Our financial position and results of operations could be adversely affected by changes in taxation rates and regimes, failure to comply with tax requirements, and from challenges by tax authorities.
We are subject to taxes in the various jurisdictions in which we operate, and as a result, we are exposed to changes in taxation rules and regulations (possibly with retroactive effect), which could require us to pay additional tax amounts, fines or penalties, surcharges and interest charges for past amounts due, the amounts and timing of which are difficult to discern. Failure to comply with all local tax rules and regulations may subject us to penalties and fines. Furthermore, changes to tax laws on income, sales, use, import/export, indirect or other tax laws, statutes, rules, regulations or ordinances on multinational corporations continue to be considered by countries in the European Union, the United States and other countries where we currently operate or plan to operate, such as the Anti-Tax Avoidance Directives, as well as the Base Erosion and Profit Shifting reporting requirements, mandated and/or recommended by the European Union, G8, G20 and Organization for Economic Cooperation and Development (OECD), including the imposition of a minimum global effective tax rate for multinational businesses (Pillar II). These contemplated tax initiatives, if finalized and adopted by countries, and the other tax issues described above may materially and adversely impact our operating activities, effective tax rate, deferred tax assets, operating income and cash flows.
Any changes in taxation rates and regimes, such as for the implementation of a Global Minimum Tax of 15% on the profits of affected multinationals in each jurisdiction in which they operate as part of the OECDs Pillar II rules, may require an increased proportion of our profit to be paid in taxation or may cause our activities to become less profitable or unprofitable through the imposition of higher transaction taxes or indirect taxes on us or our clients.

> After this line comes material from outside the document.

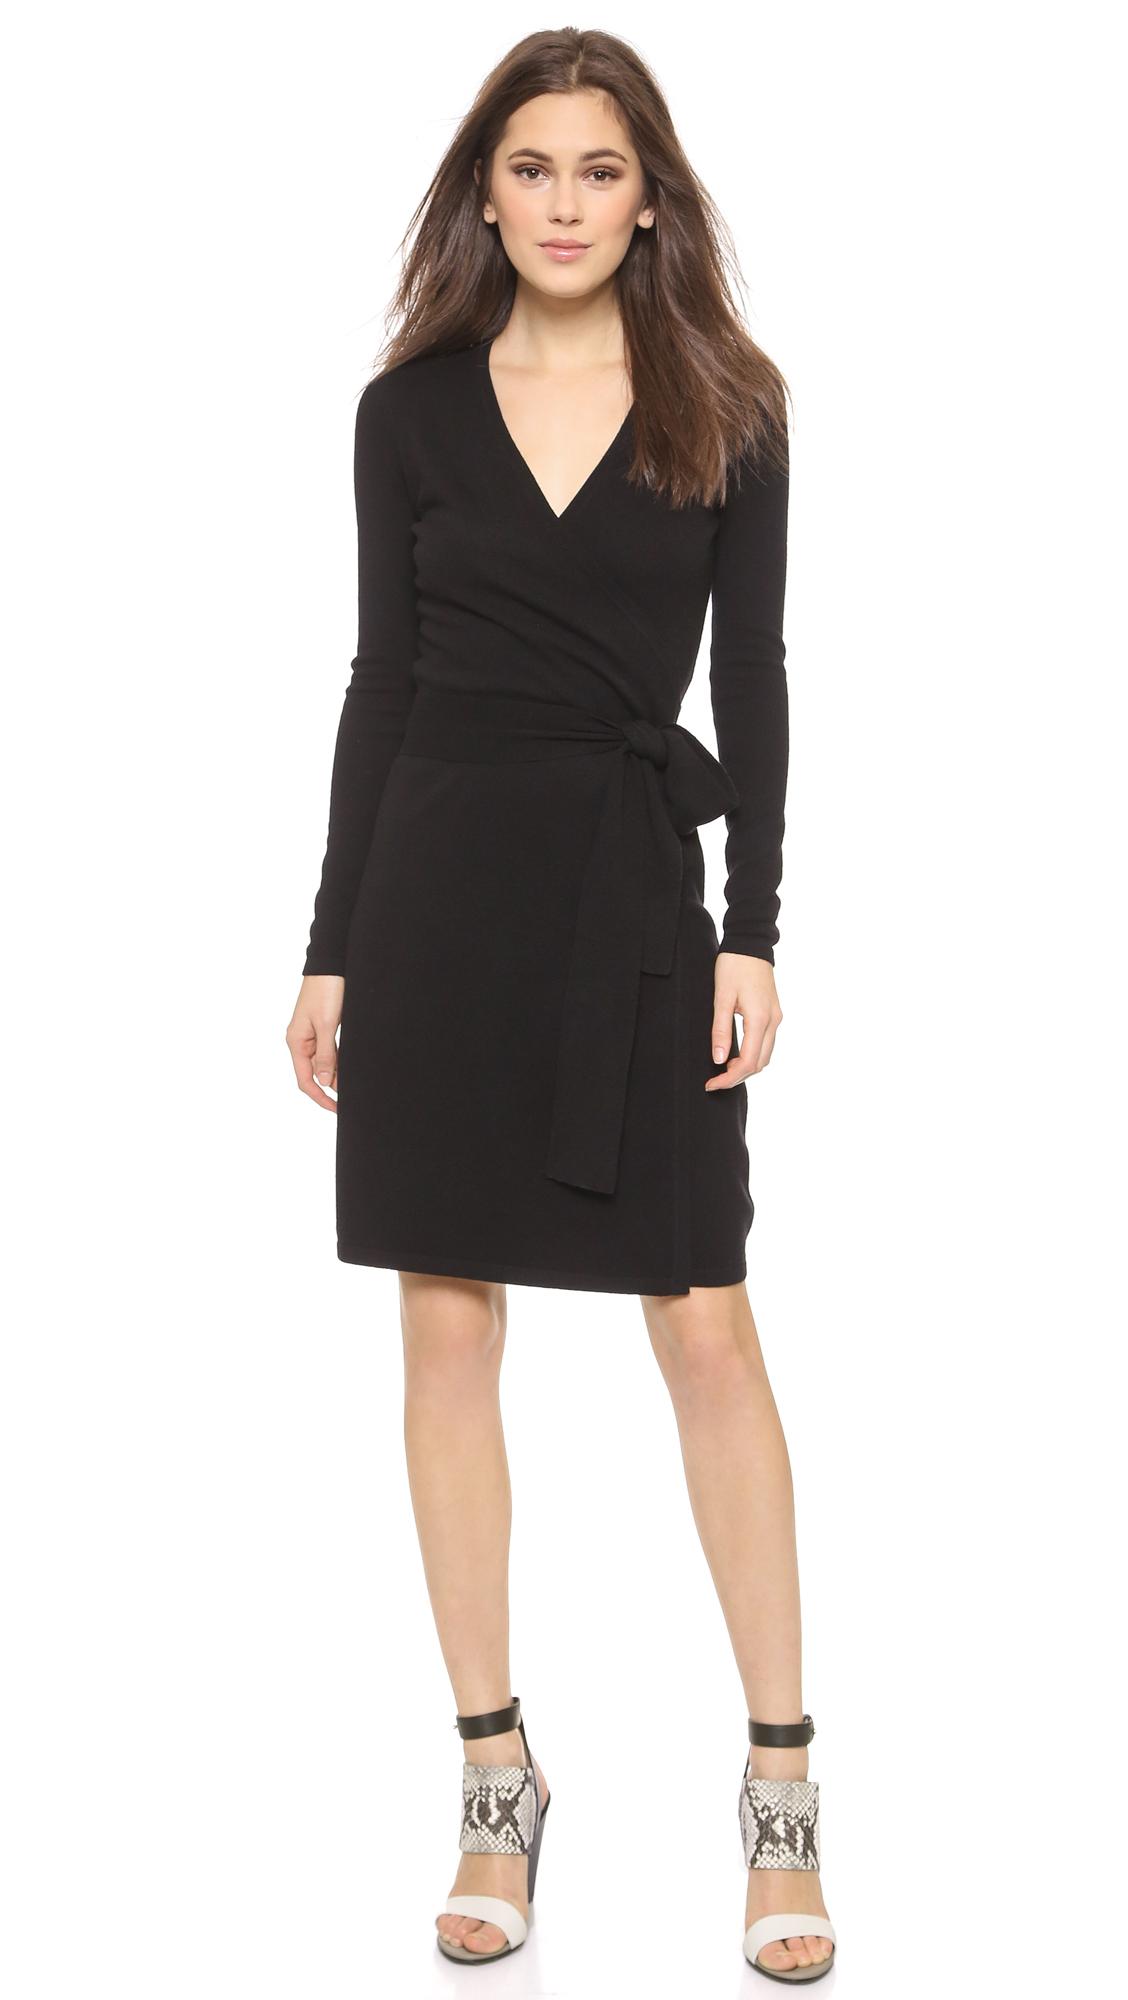 a76242bde58 Diane von Furstenberg Linda Wrap Sweater Dress - Black in Black - Lyst

If we are subject to challenge from tax authorities on these or other matters, we may have to make significant tax payments in the future. Any of the above factors could adversely affect our business, financial condition, results of operations and prospects.
The United States Administration has indicated the intent to propose significant changes to the U.S. tax system. Many aspects of these potential proposals are unclear or undeveloped and we are unable to predict which, if any, changes to the U.S. tax system will be enacted into law, and what effects any enacted legislation might have on our tax liabilities. In addition, the U.S. Administration has indicated that the United States may impose retaliatory measures with respect to jurisdictions that have, or are likely to, put in place tax rules that are extraterritorial or disproportionately affect American companies. The likelihood of these changes being enacted or implemented is unclear. We are currently unable to predict whether such changes will occur and, if so, the ultimate impact on our business.